Das muss weg oder eine andere Form eines Prologs

Es war im vergangenen Sommer: Wenn er aus der Dusche stieg, merkte der Mittvierziger in letzter Zeit regelmäßig, dass sein Handtuch nach dem Abtrocknen ein bisschen blutig war. Eine kleine Stelle neben der Nase, nicht größer als ein Pickel, heilte einfach nicht richtig zu. Der Mann war eigentlich nicht sehr beunruhigt, aber nach ein paar Wochen ging er doch zum Hausarzt. Der sagte: Nehmen Sie sich irgendwann demnächst mal zwei Tage frei, das muss herausgeschnitten werden. Der Mann schaute ungläubig, der Dermatologe wurde deutlich – und zwar überdeutlich: »Das ist weißer Hautkrebs, ein Basalzellkarzinom. Das muss weg«, sagte er.

Die drastische Wortwahl ließ meinen Freund aus allen Wolken fallen. Krebs, Karzinom – er glaubte, sein letztes Stündlein habe nun bald geschlagen. Seine drei Kinder waren noch jung, er nahm gar nicht mehr wahr, als der Arzt ihm erzählte, dass die Operation meistens gut ausginge und danach kein Grund zur Sorge mehr bestünde.

Ich war wütend, als mir mein Freund von dem Gespräch erzählte. Denn die Begriffe »weißer Hautkrebs« und »Karzinom« hatten ihn sofort an das Schlimmste denken lassen – an Krebs, mit Metastasen, langwierigem Siechtum und qualvollem Tod.

Das Basaliom, wie Ärzte das Hautleiden Patienten gegenüber nennen sollten, hat zwar bösartige Anteile, doch Mediziner bezeichnen es als »semi-maligne«. Denn es wächst zwar in die Umgebung ein, bildet aber nur äußerst selten Metastasen. Wenn es herausgeschnitten wird, ist die Wucherung beseitigt und der Patient nahezu immer komplett geheilt.

So gut ging es dann doch nicht aus, was aber weniger an der Erkrankung als an der Behandlung lag. Vier Operationen waren in kurzer Zeit nötig. Zweimal war das Basaliom vom Operateur nicht im Gesunden entfernt worden, er musste deshalb jedes Mal erneut zum Skalpell greifen und ein etwas größeres Stück Haut entfernen. Nach dem dritten Eingriff infizierte sich unglücklicherweise die Wunde, und der Patient reagierte zudem noch allergisch auf die Antibiotika, die er bekommen hatte. Sein Gesicht war ziemlich stark geschwollen, ein dicker Verband bedeckte die eine Hälfte fast vollständig.
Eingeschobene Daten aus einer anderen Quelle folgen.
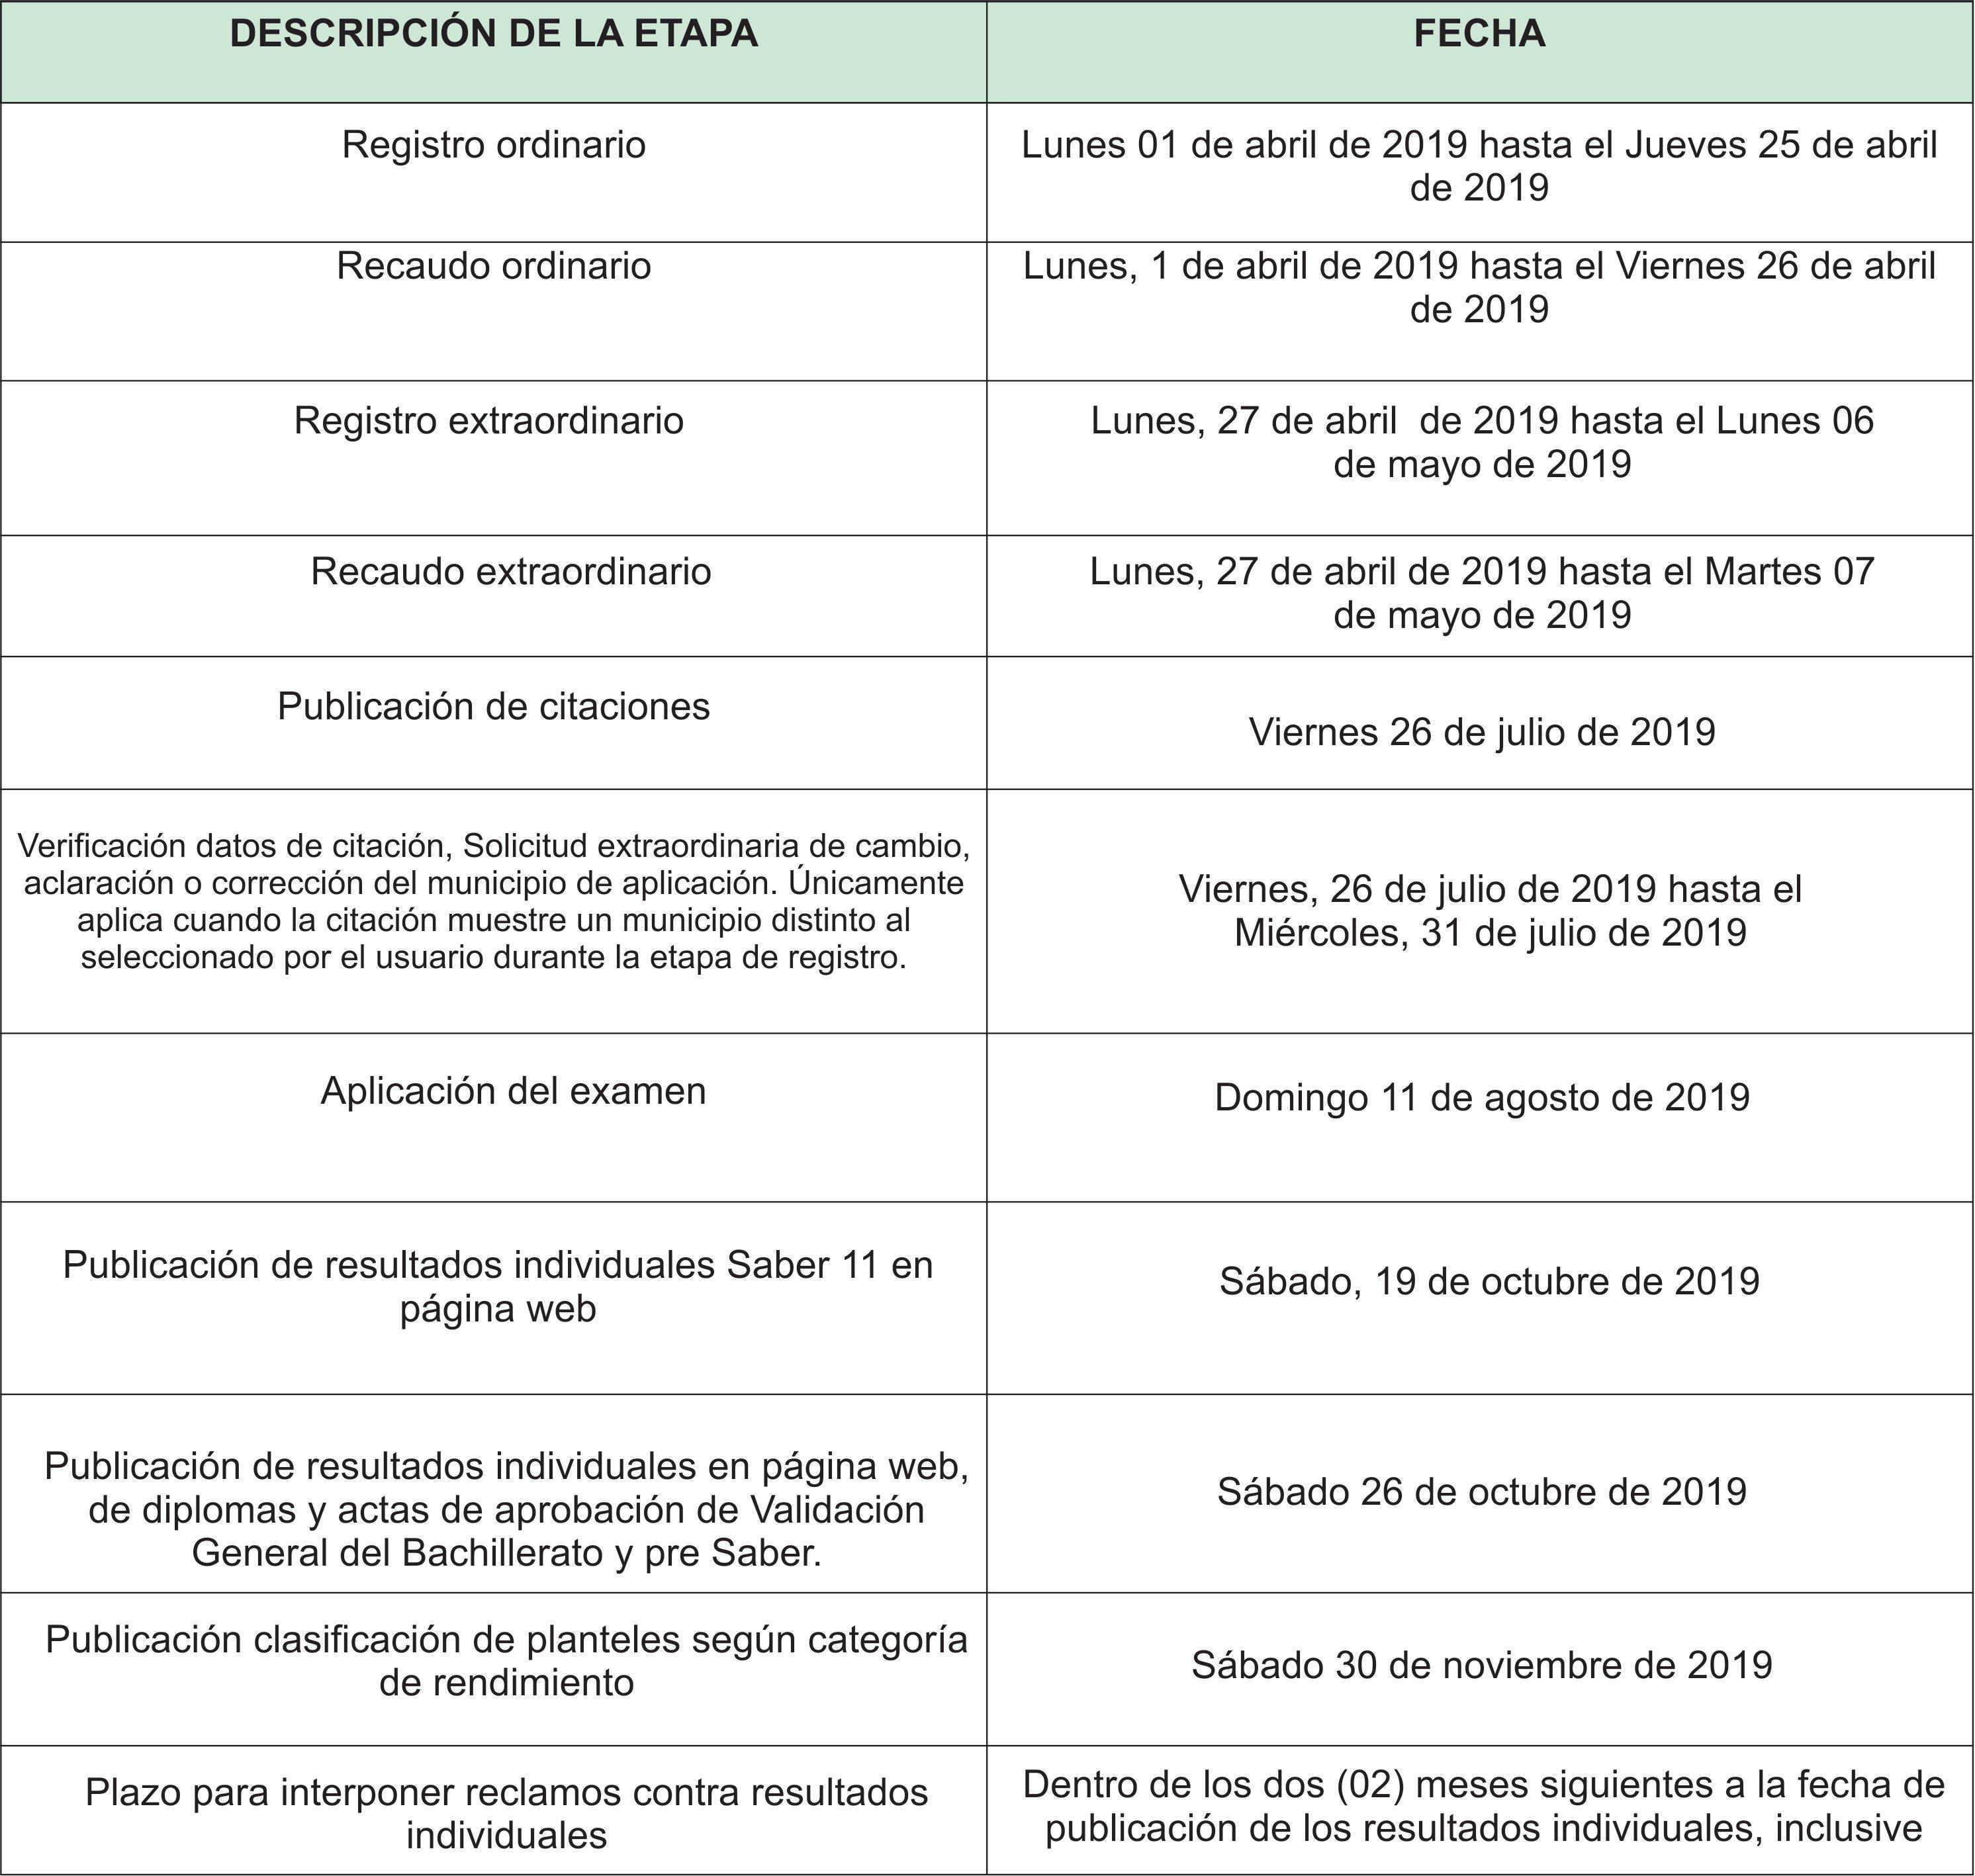 calendario fechas icfes 2019 segundo semestre-1

So etwas kann passieren, dahinter muss kein ärztlicher Behandlungsfehler stecken. Was meinen Freund jedoch immer wieder wütend machte, war das Verhalten der Ärzte nach den Komplikationen, etwa während der Visite. Sie übertrieben maßlos und sagten permanent, wie toll sein Gesicht schon wieder aussehe. »Mensch, ist ja prima geworden«, versuchte ein Arzt ihn jedes Mal ebenso stereotyp wie unpassend aufzumuntern.

Gelegentlich sprach mein Freund die Ärzte darauf an, warum es gerade bei ihm so viele Komplikationen gegeben habe. »In 4 Prozent der Fälle kommt es zu einer Infektion«, sagte der Arzt dann jedes Mal bloß. Ein mögliches Missgeschick, eigenes Verschulden gar oder auch nur ein Ausdruck des Bedauerns über den unglücklichen Verlauf wurden teilnahmslos hinter der Statistik versteckt.

Jetzt, fast ein halbes Jahr nach den Eingriffen, sieht man immer noch die Schwellungen und Narben im Gesicht meines Freundes.

Drei Menschen aus meinem Freundes- und Bekanntenkreis, die im vergangenen Jahr Rat und Hilfe bei Ärzten suchten – in allen drei Fällen waren ihre Reaktionen auf die Erfahrungen mit den Ärzten Unzufriedenheit, Enttäuschung, Verunsicherung, manchmal Wut und Ärger. Dabei litten und leiden alle drei nicht an schweren, chronischen Erkrankungen, alle drei sind wieder geheilt, es geht ihnen gut. Keiner der drei hat gegen seinen Arzt geklagt, sie haben sich nicht mal bei ihnen beklagt, sondern nur nachgefragt. Es geht auch in keinem dieser drei Fälle um schwerwiegende Behandlungsfehler – diese unbefriedigenden Erlebnisse mit Ärzten tauchen in keiner Umfrage und keiner Statistik auf.